Dallas-based consumer electronics company GameStop Inc. will change its policies and pay $500,000 in penalties for failing to comply with laws intended to deter sales of stolen merchandise, the Riverside County District Attorney’s Office announced Monday.
A stipulated judgment against GameStop, in which the company admitted no wrongdoing, was handed down last week, ending litigation initiated by the Riverside County and Shasta County district attorney’s offices.
Riverside County Superior Court Judge Randall Stamen signed the judgment, the crux of which is a permanent injunction establishing a compliance program to which GameStop agreed to adhere.

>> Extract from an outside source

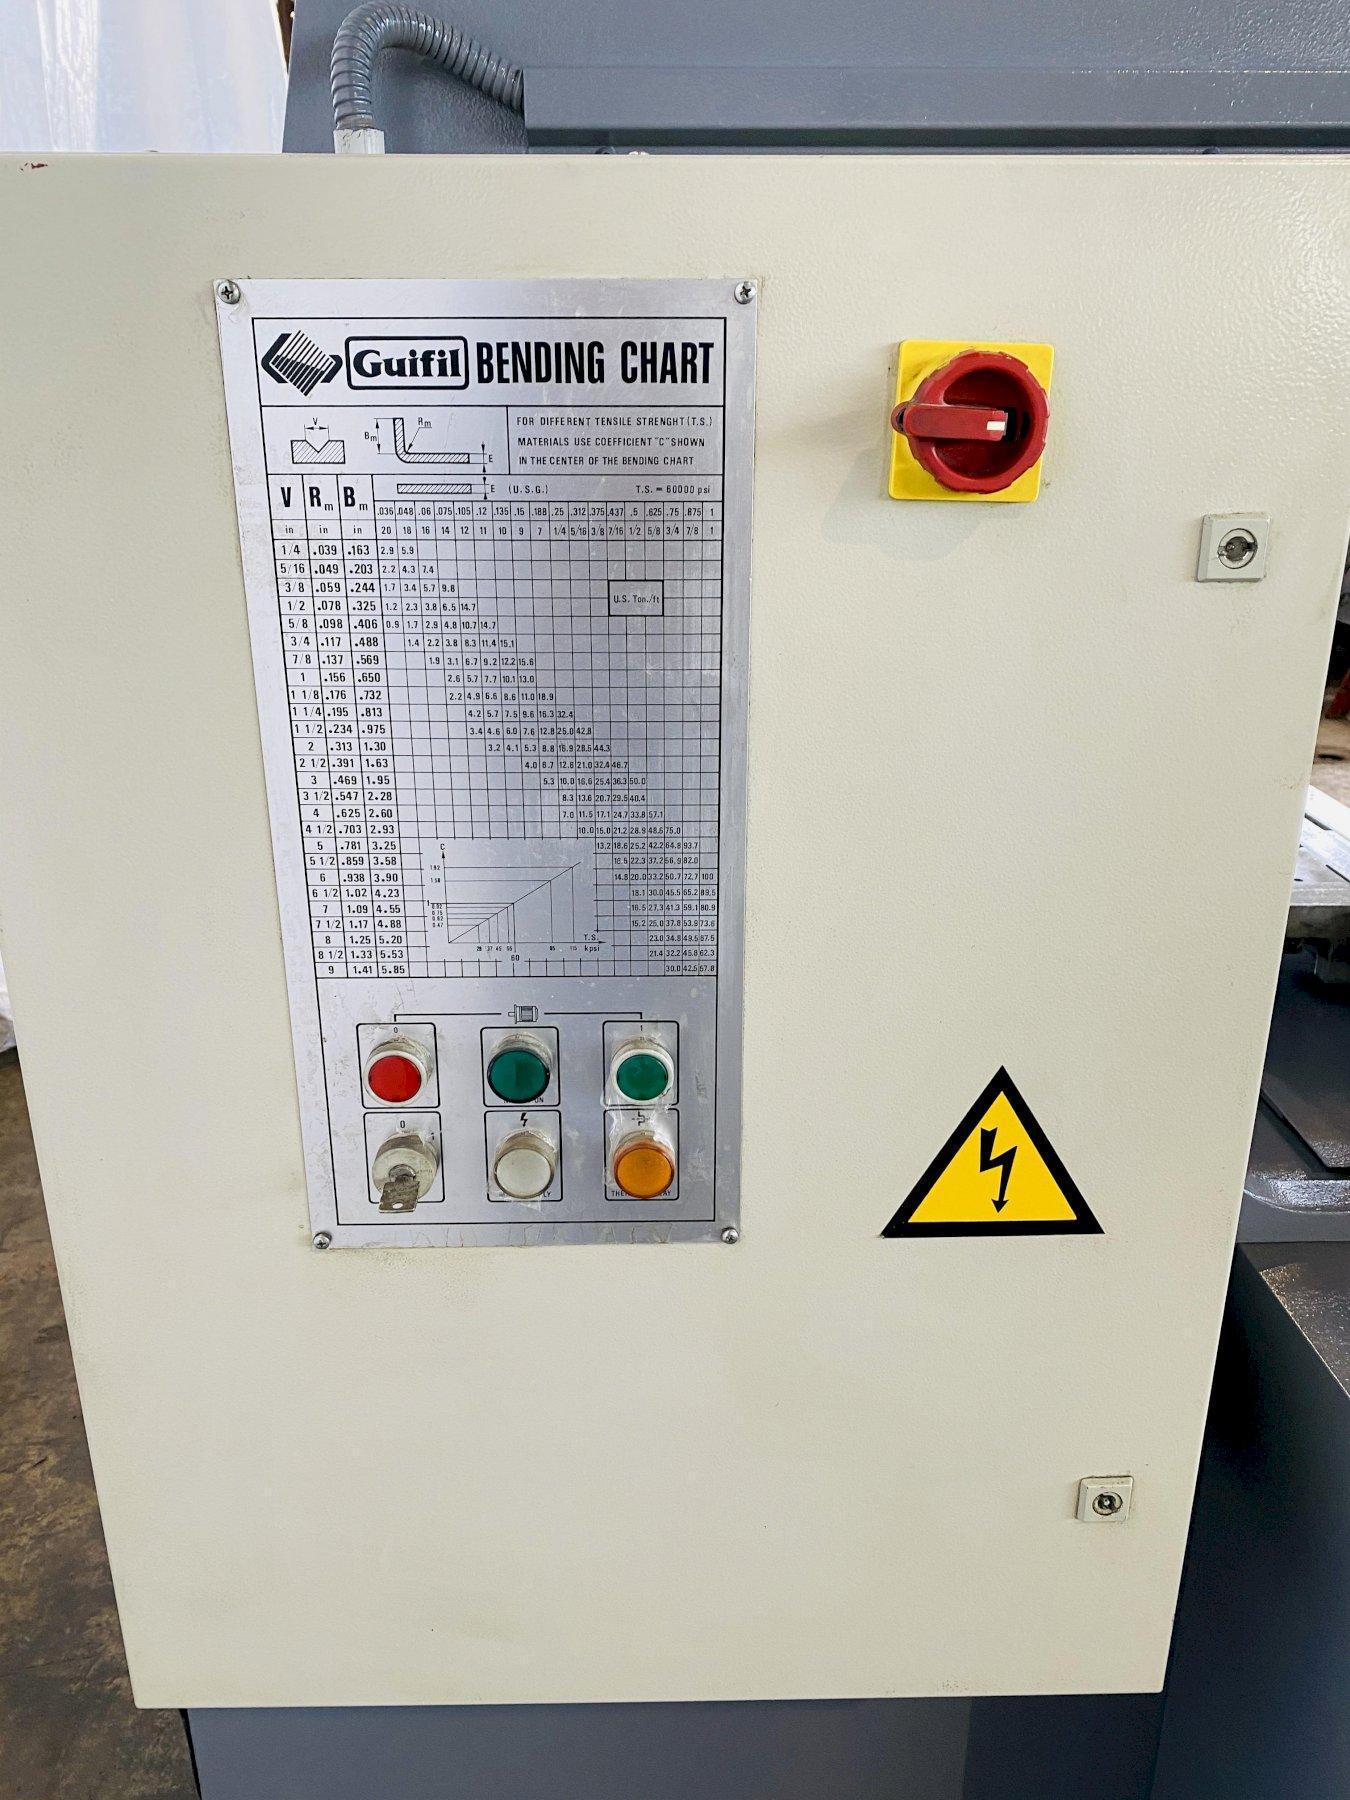 "66 TON X 80"" GUIFIL PE-20/60 CNC HYDRAULIC UP ACTING PRESS BRAKE. STOCK # 0847320"
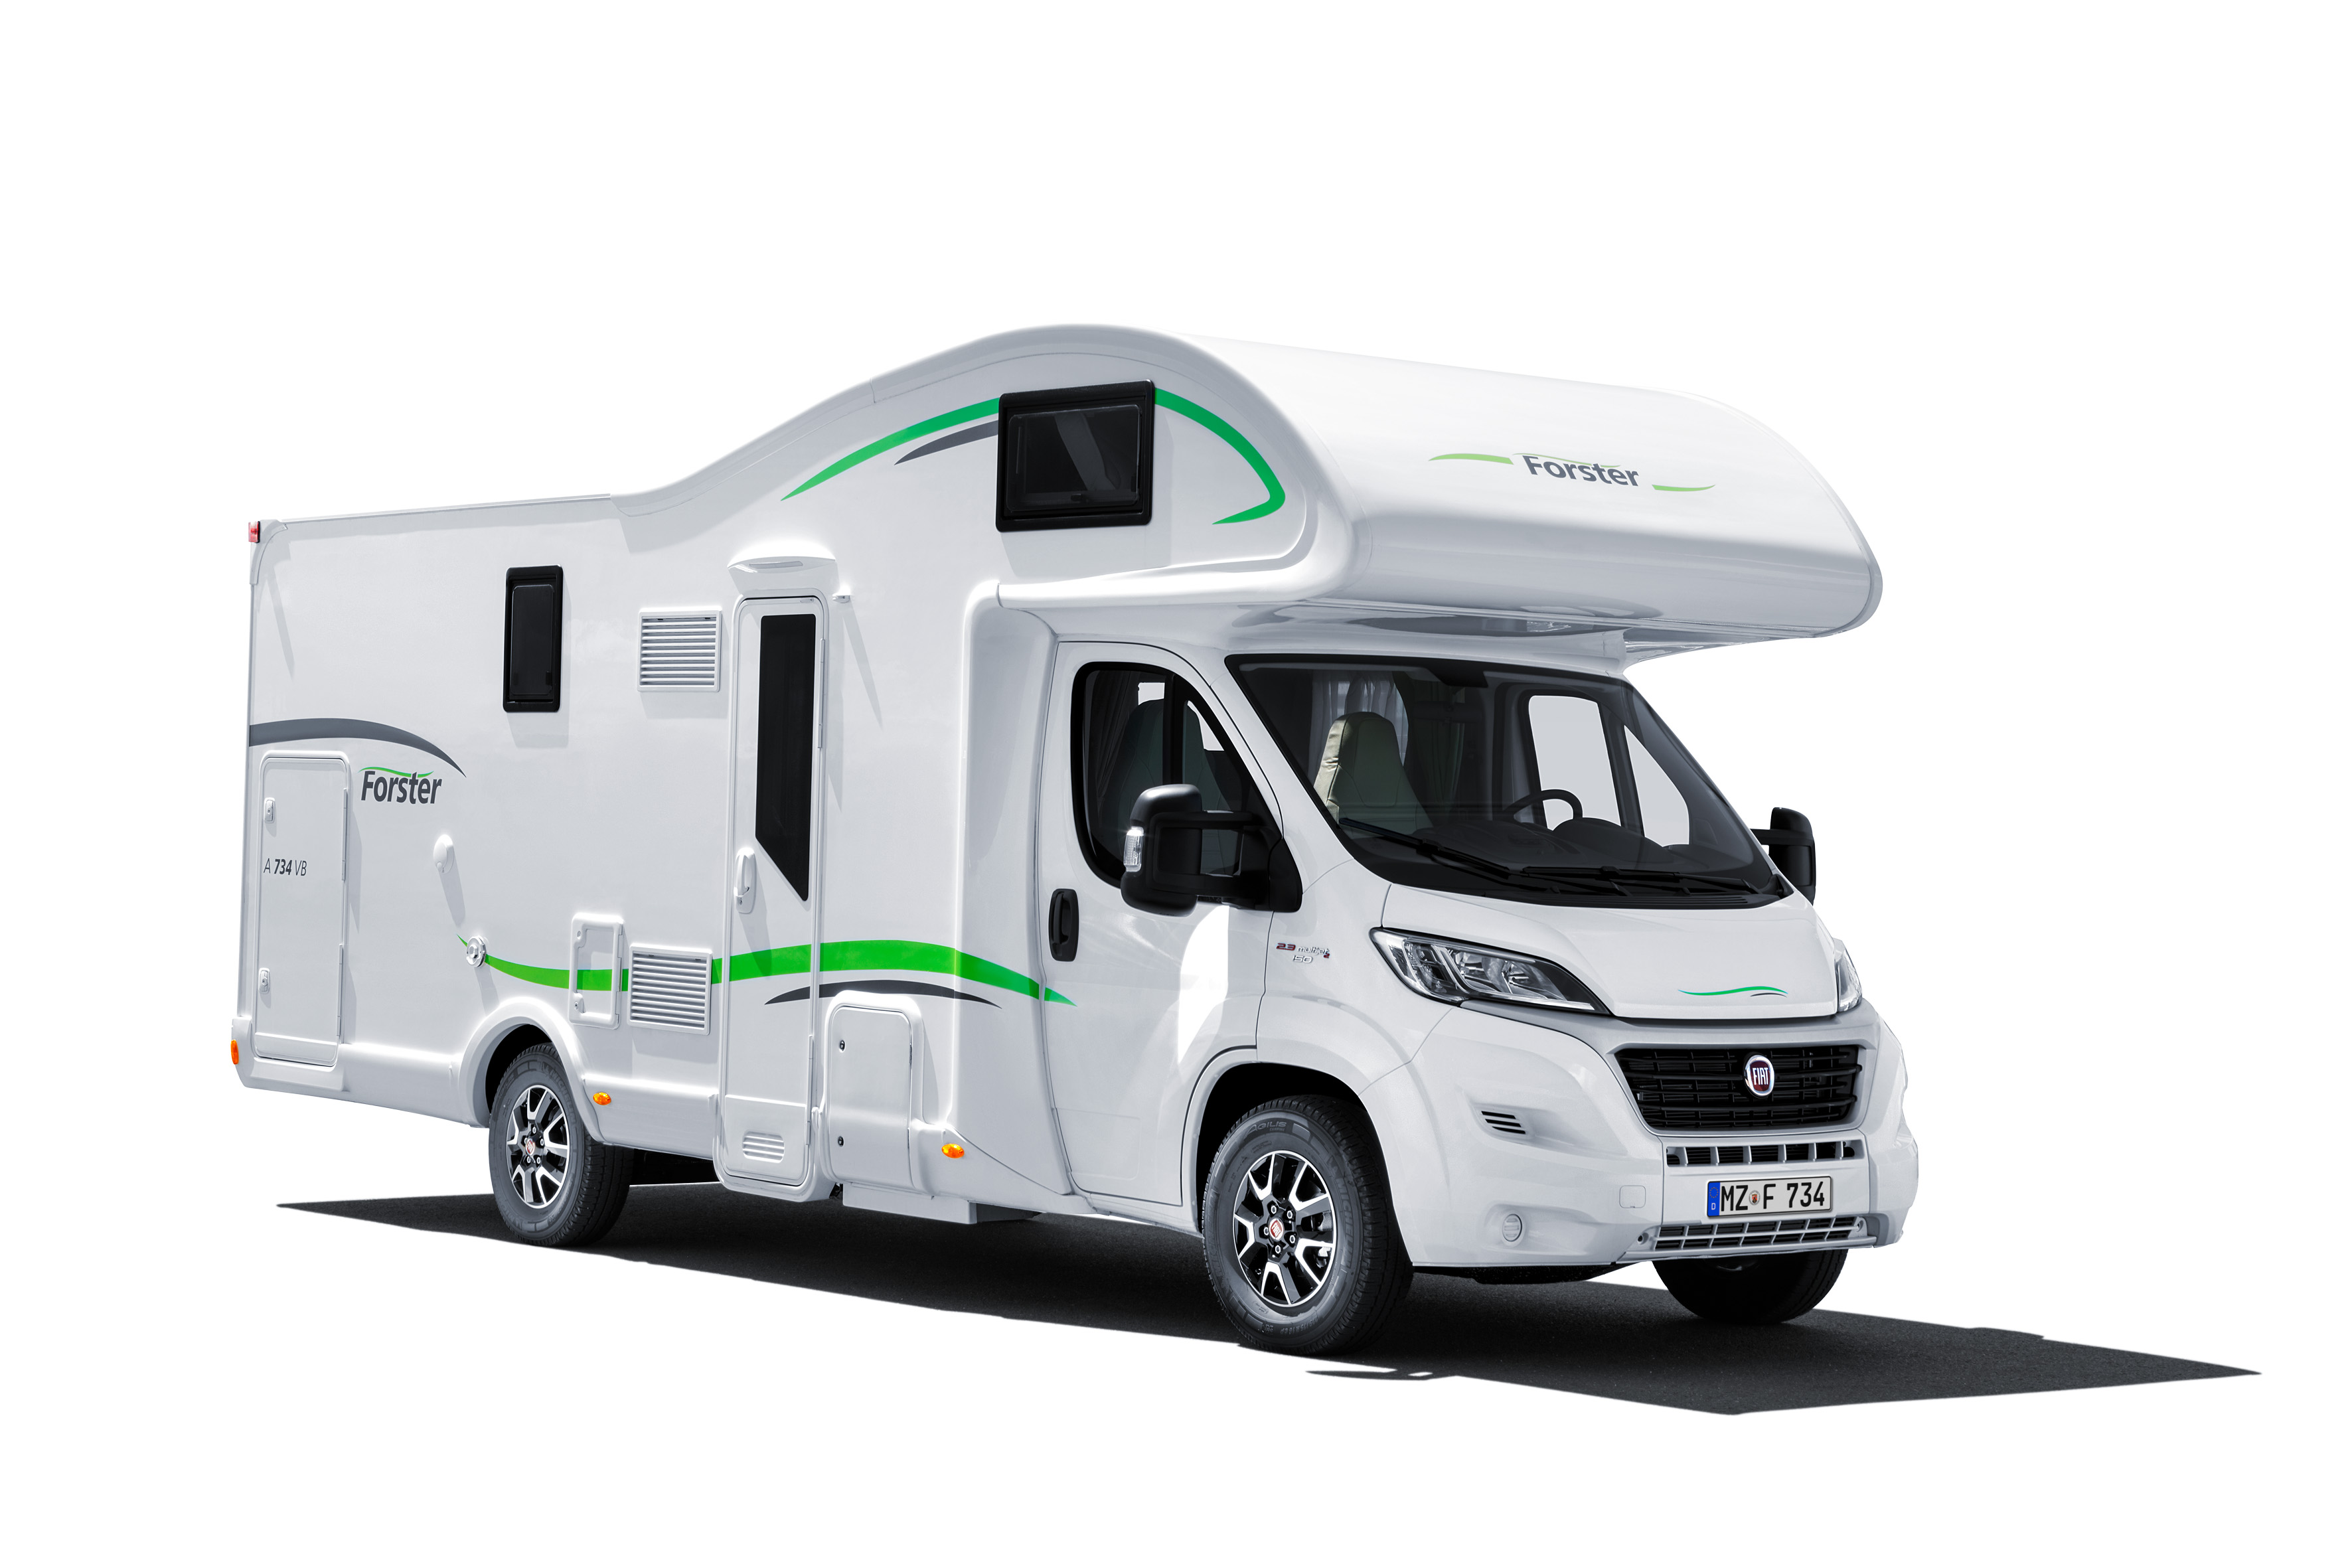 Wohnmobil Forster A 699 VB Modell 2018

According to prosecutors, an investigation of GameStop outlets in Riverside and other locations uncovered instances in which employees were taking possession of used serialized products and reselling them without registering the consoles and video games with law enforcement, as required by the California Business & Professions Code.
D.A.’s spokesman John Hall said the law, under most circumstances, requires a minimum 7-day hold of pre-owned property to deter the fencing of products potentially taken by force or during a burglary.
The law also requires that as part of the process of procuring used electronics, secondhand dealers obtain sellers’ identification and report the transactions to law enforcement.
Under the compliance program, GameStop will hold products for the specified period and submit information about acquisitions to police.
The company also agreed to modify its employee training program to reflect the change in procedures, prosecutors said.